*** Opening Provided material ***

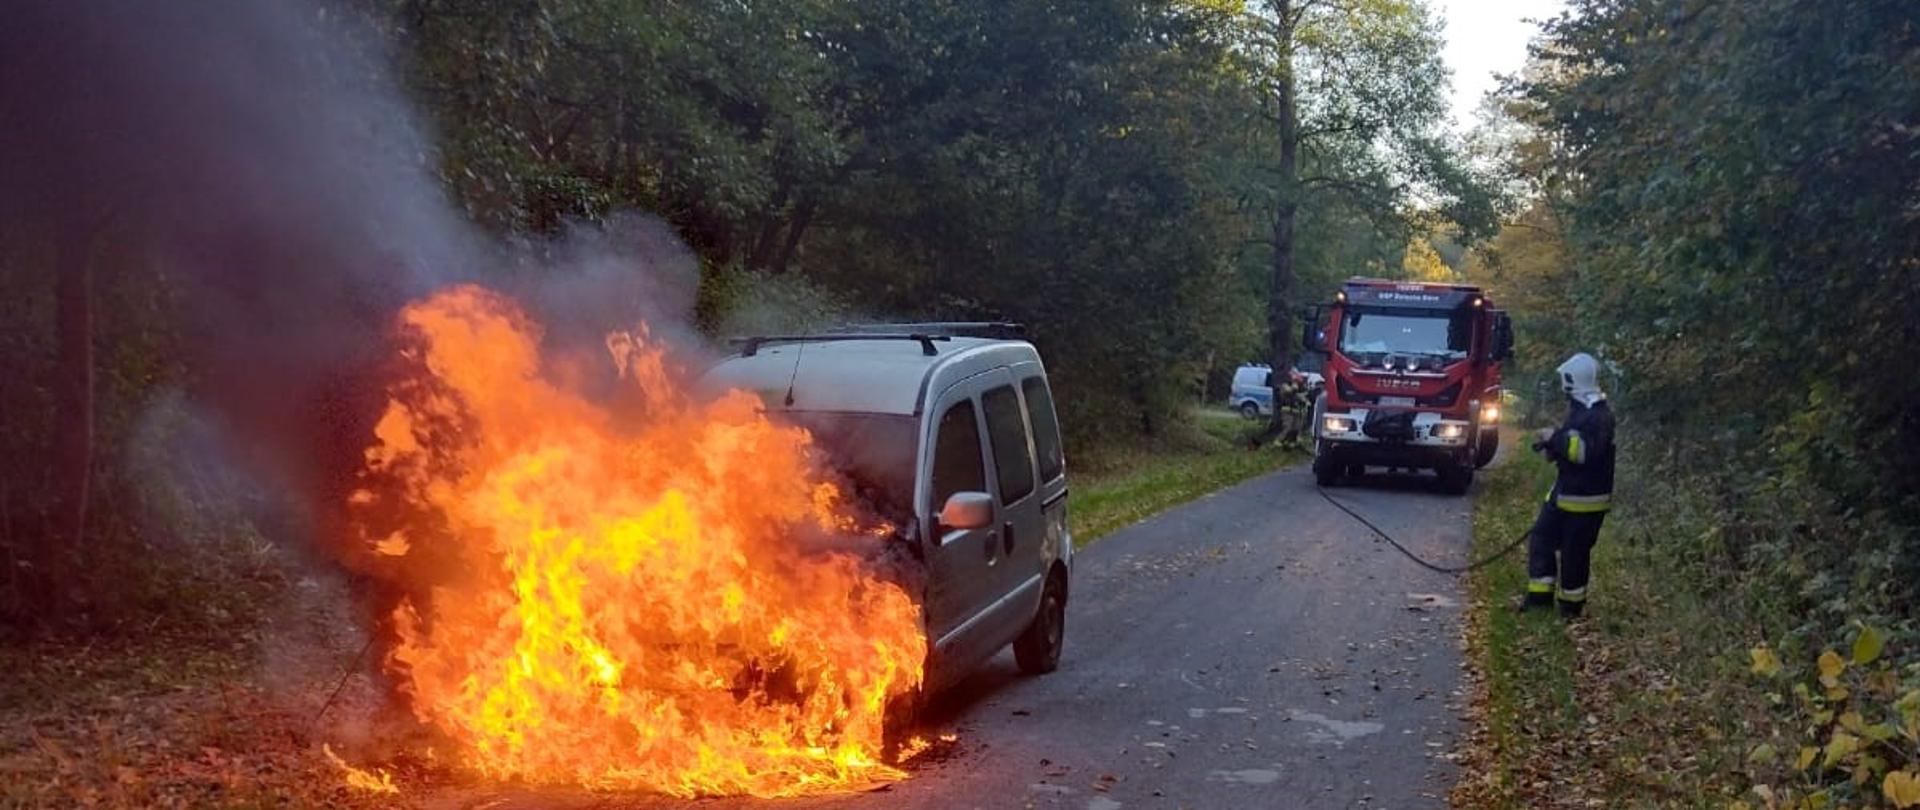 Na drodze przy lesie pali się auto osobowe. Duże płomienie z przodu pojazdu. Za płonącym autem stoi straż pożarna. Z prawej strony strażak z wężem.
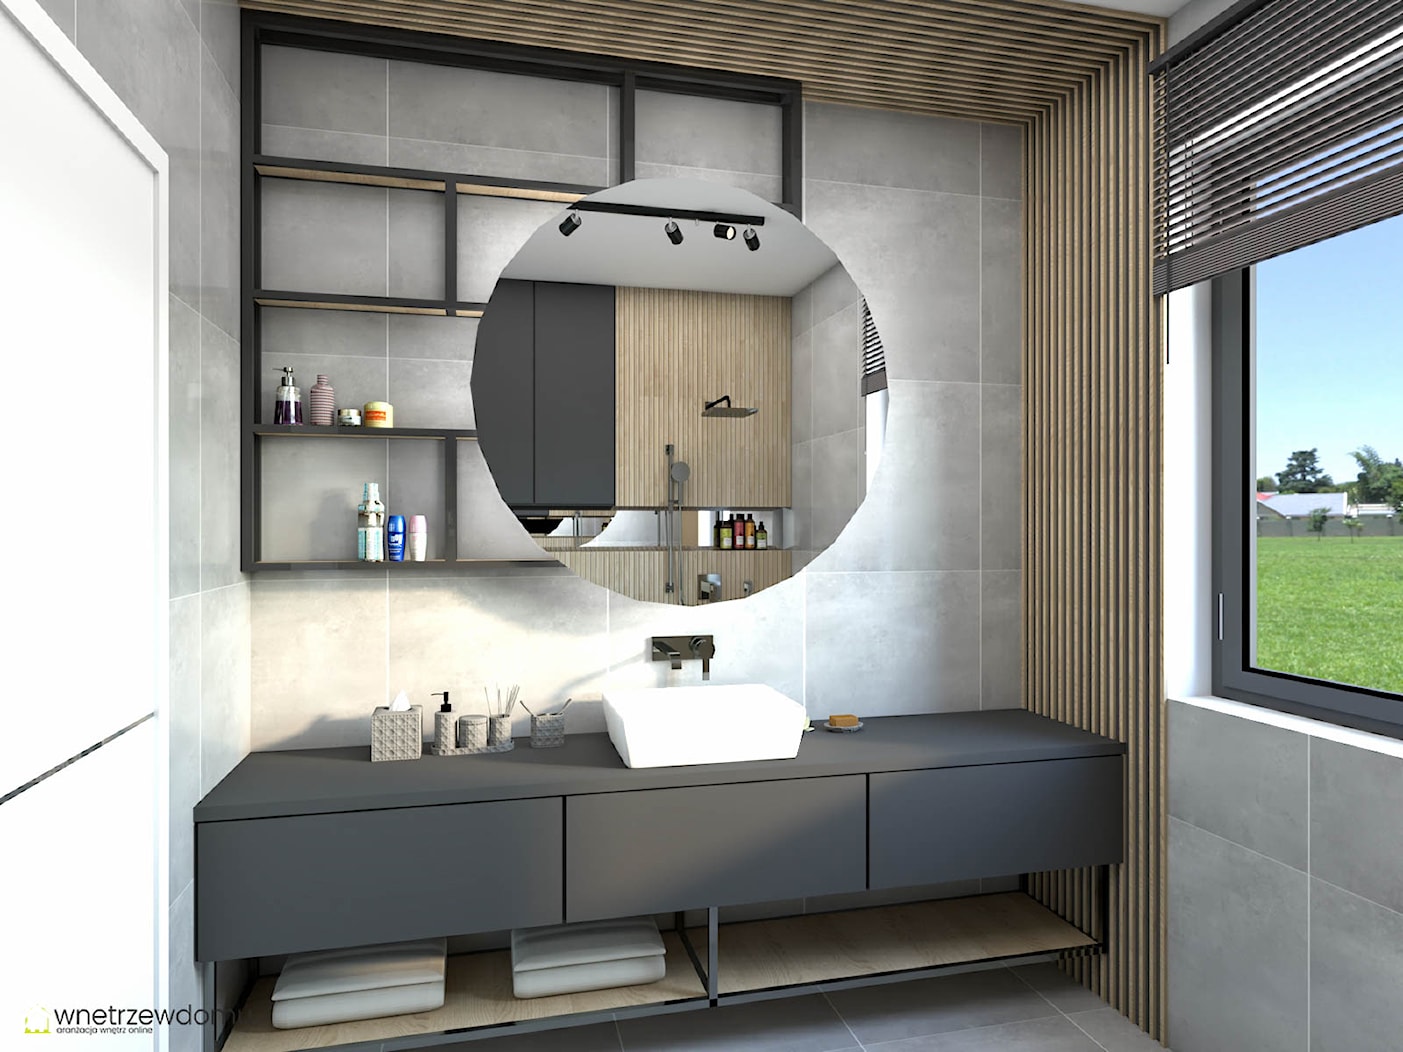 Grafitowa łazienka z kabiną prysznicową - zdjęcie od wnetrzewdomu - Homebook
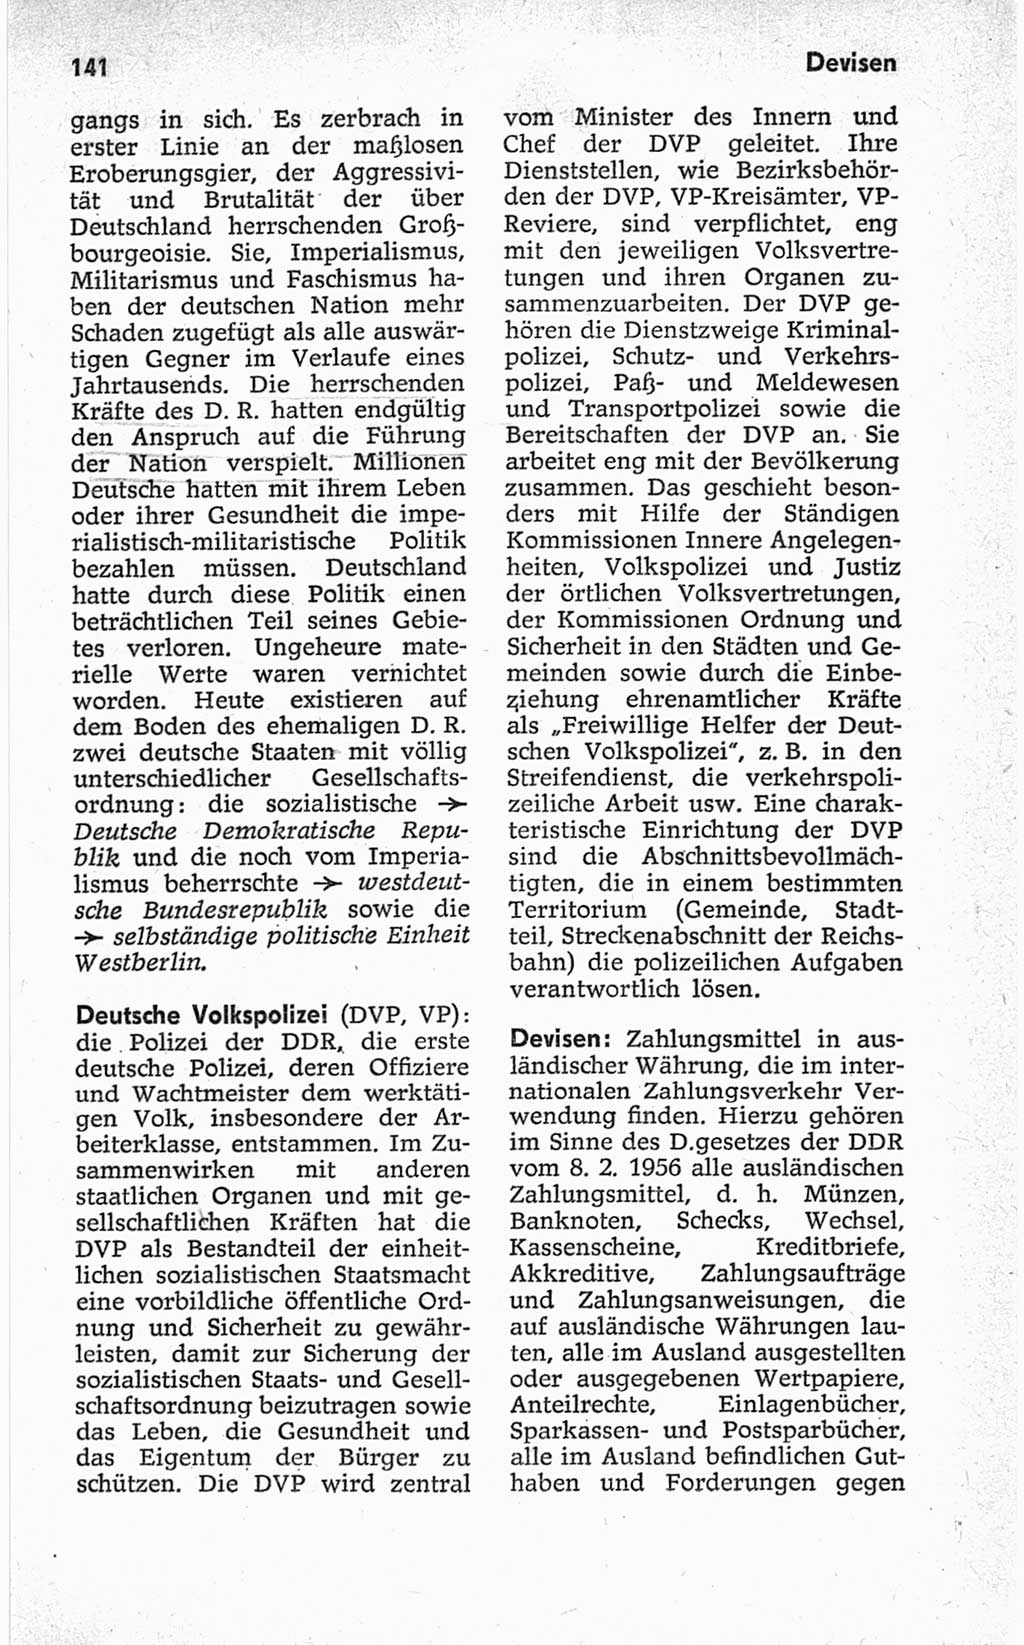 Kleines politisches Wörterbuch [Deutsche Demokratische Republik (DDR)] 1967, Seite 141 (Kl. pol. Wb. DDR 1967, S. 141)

*** Closing Provided material ***

Exercise requirements - Please set down the data above exactly as given, leaving every picture out.

Solution -
 Na drodze przy lesie pali się auto osobowe. Duże płomienie z przodu pojazdu. Za płonącym autem stoi straż pożarna. Z prawej strony strażak z wężem.
 Grafitowa łazienka z kabiną prysznicową - zdjęcie od wnetrzewdomu - Homebook
 Kleines politisches Wörterbuch [Deutsche Demokratische Republik (DDR)] 1967, Seite 141 (Kl. pol. Wb. DDR 1967, S. 141)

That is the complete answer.